Please restate the data that follows word for word, with the pictures left out.

[Opening DATA section]

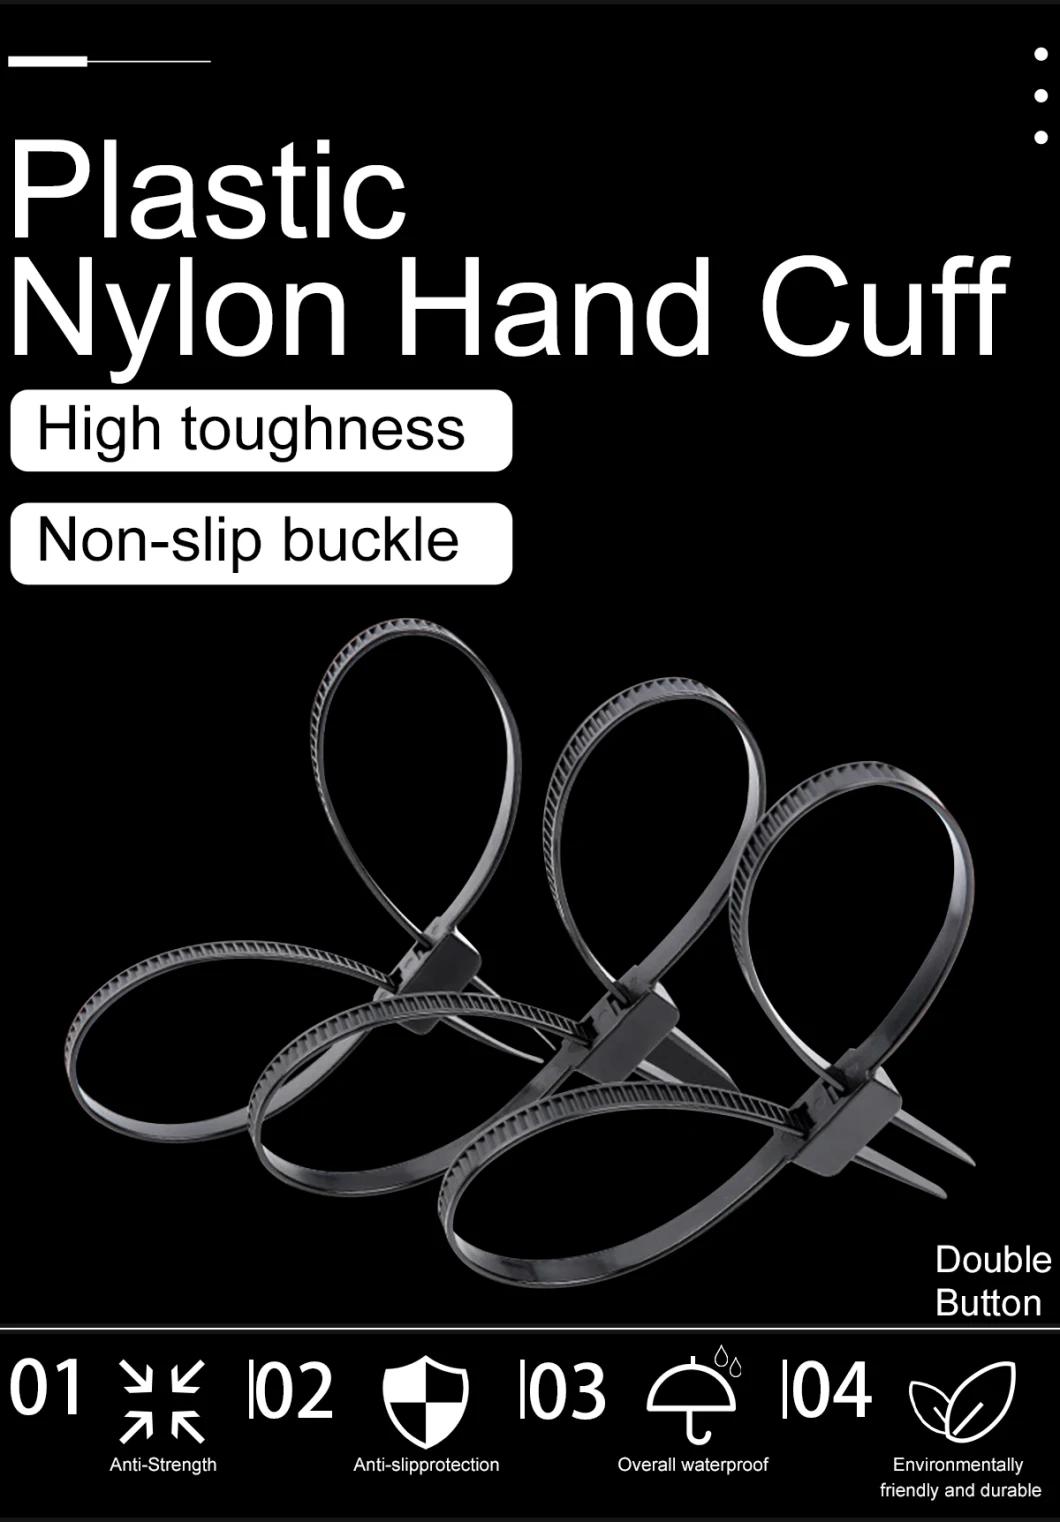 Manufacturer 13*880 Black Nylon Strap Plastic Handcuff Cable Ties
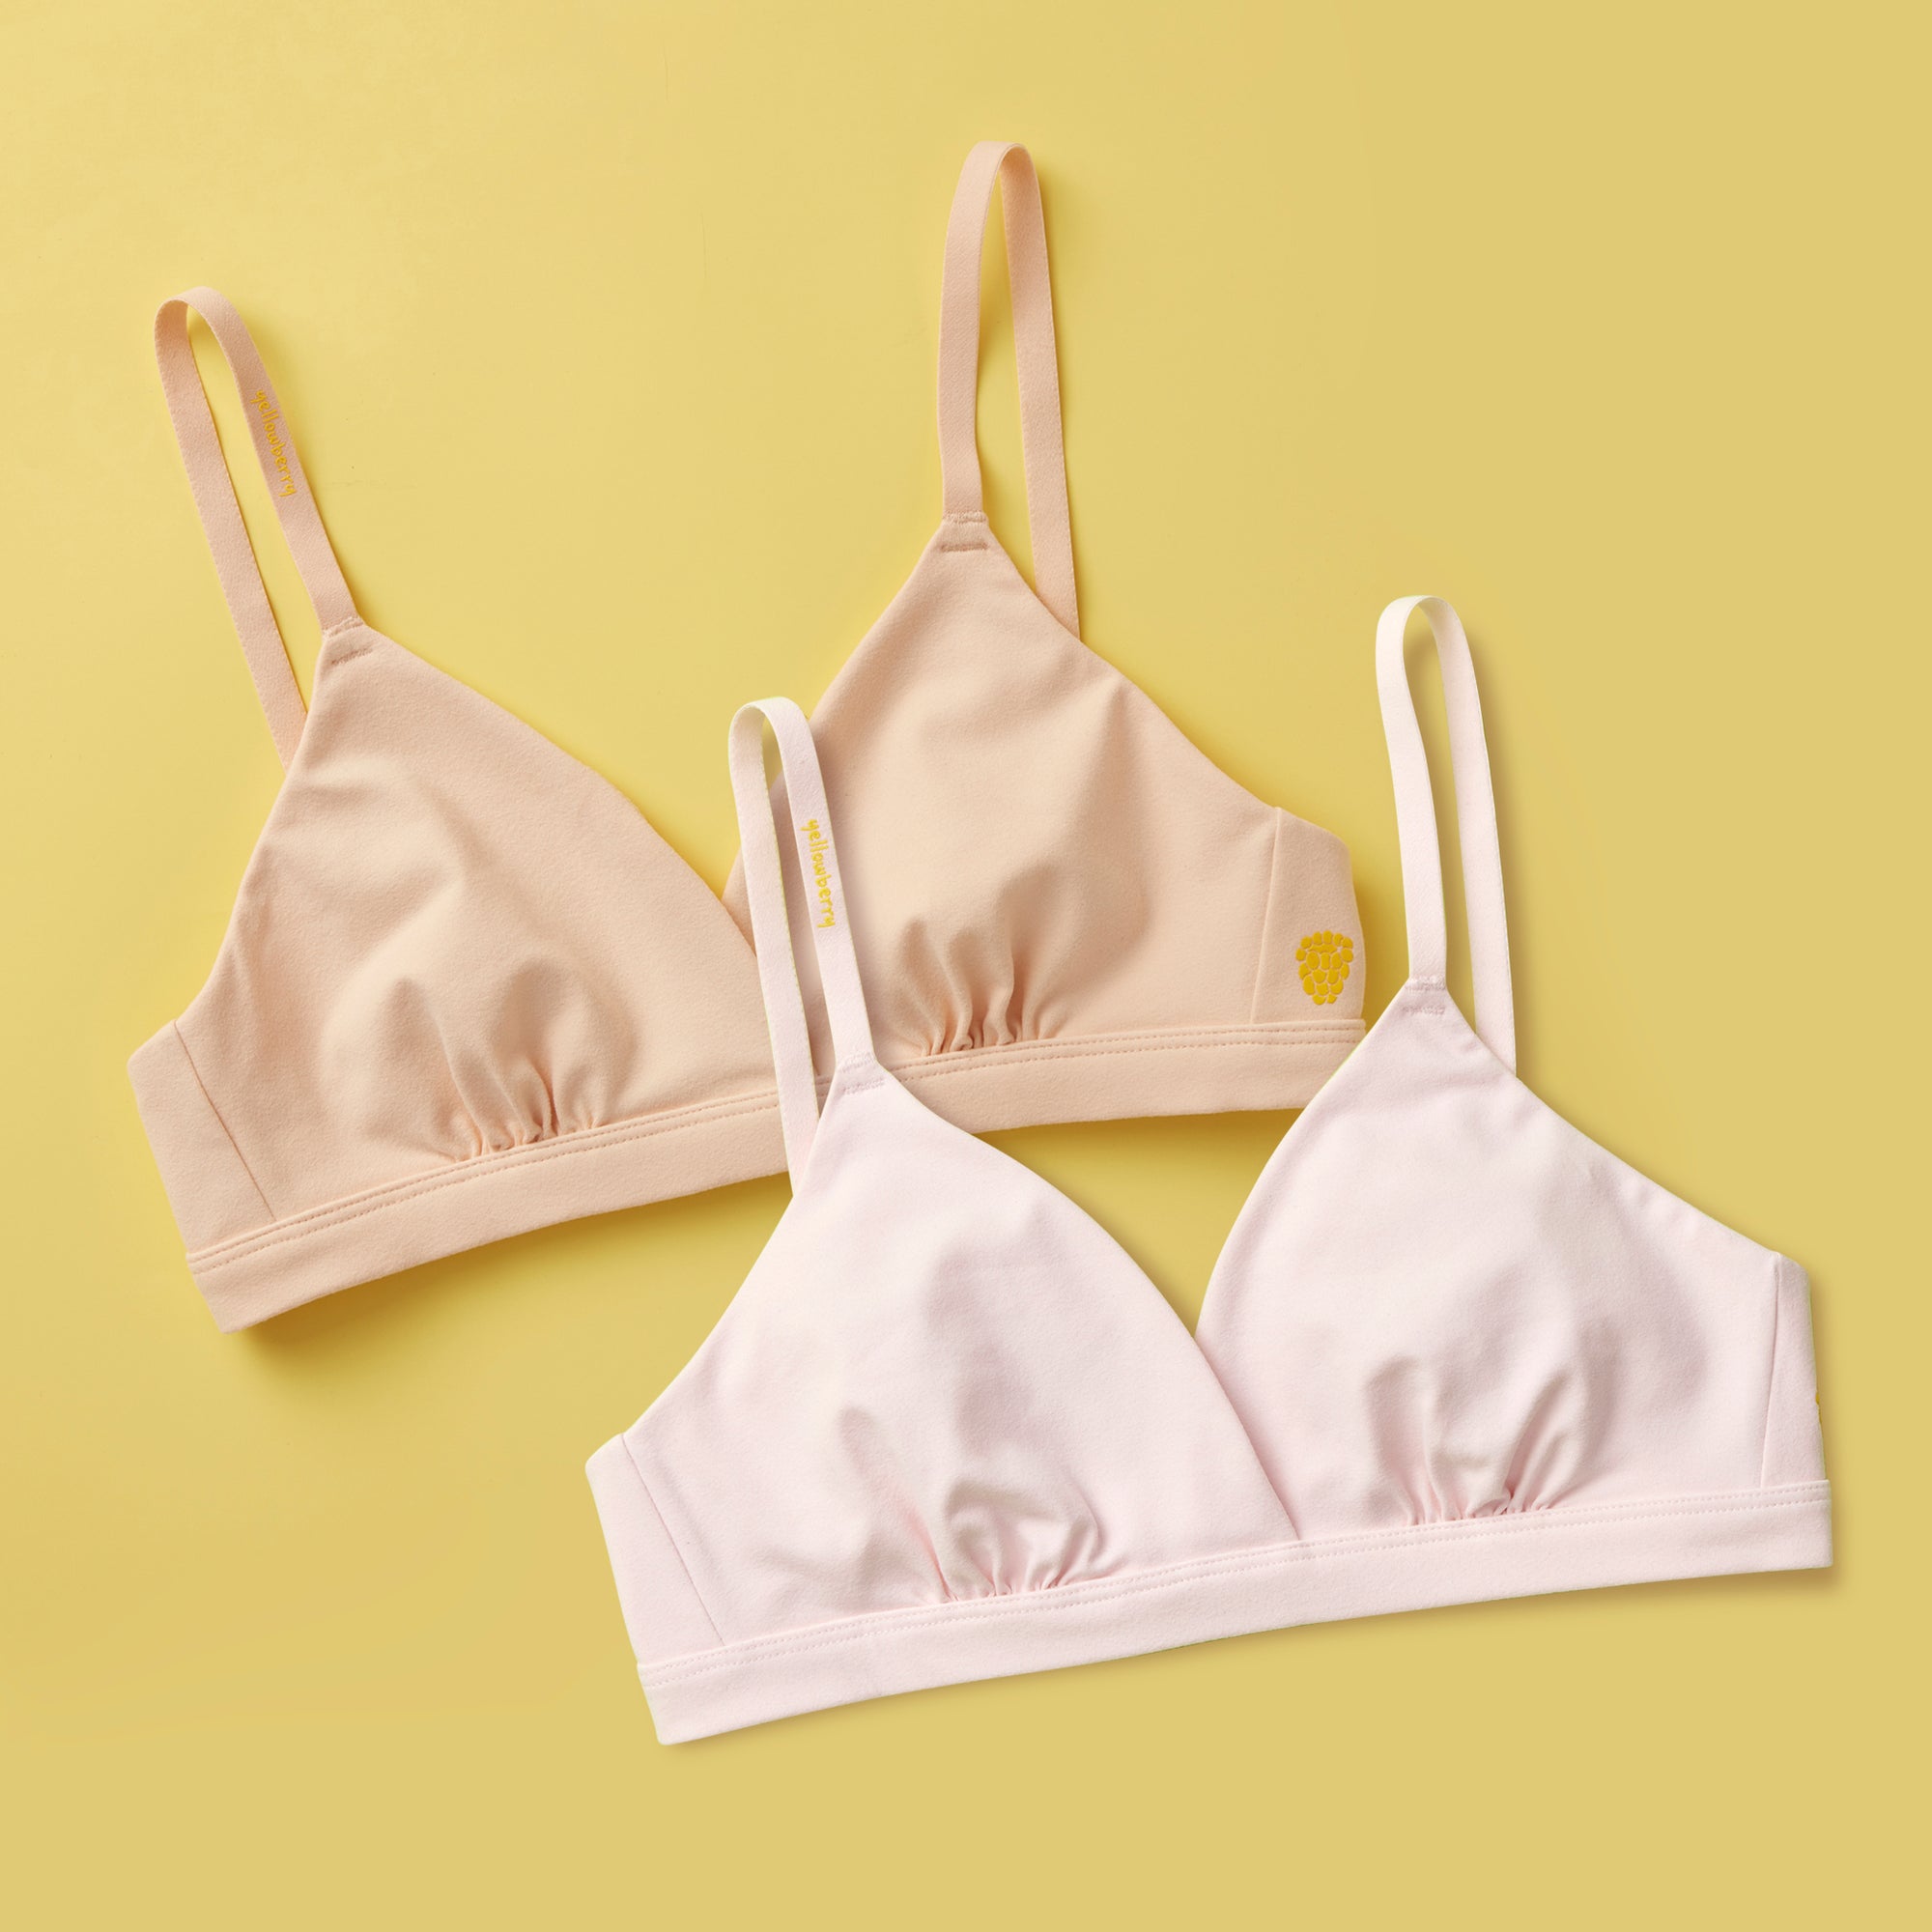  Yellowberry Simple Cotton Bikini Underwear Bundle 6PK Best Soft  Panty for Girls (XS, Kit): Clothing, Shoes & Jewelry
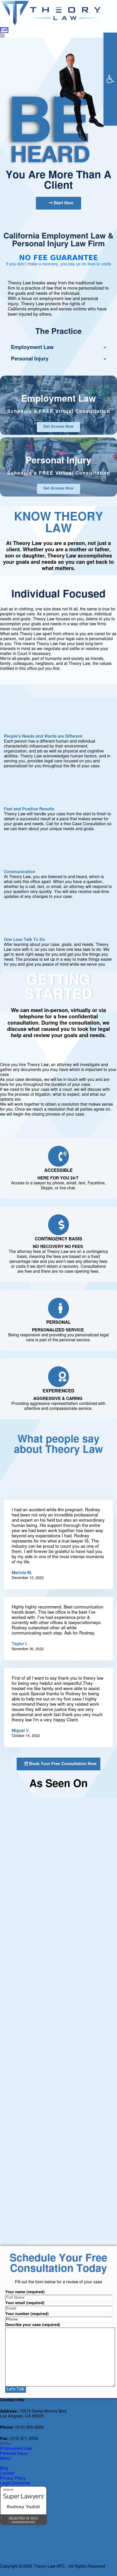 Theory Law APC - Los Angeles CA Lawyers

[Closing DATA section]

RESULT OF THIS TASK>
 Manufacturer 13*880 Black Nylon Strap Plastic Handcuff Cable Ties
  Yellowberry Simple Cotton Bikini Underwear Bundle 6PK Best Soft  Panty for Girls (XS, Kit): Clothing, Shoes & Jewelry
 Theory Law APC - Los Angeles CA Lawyers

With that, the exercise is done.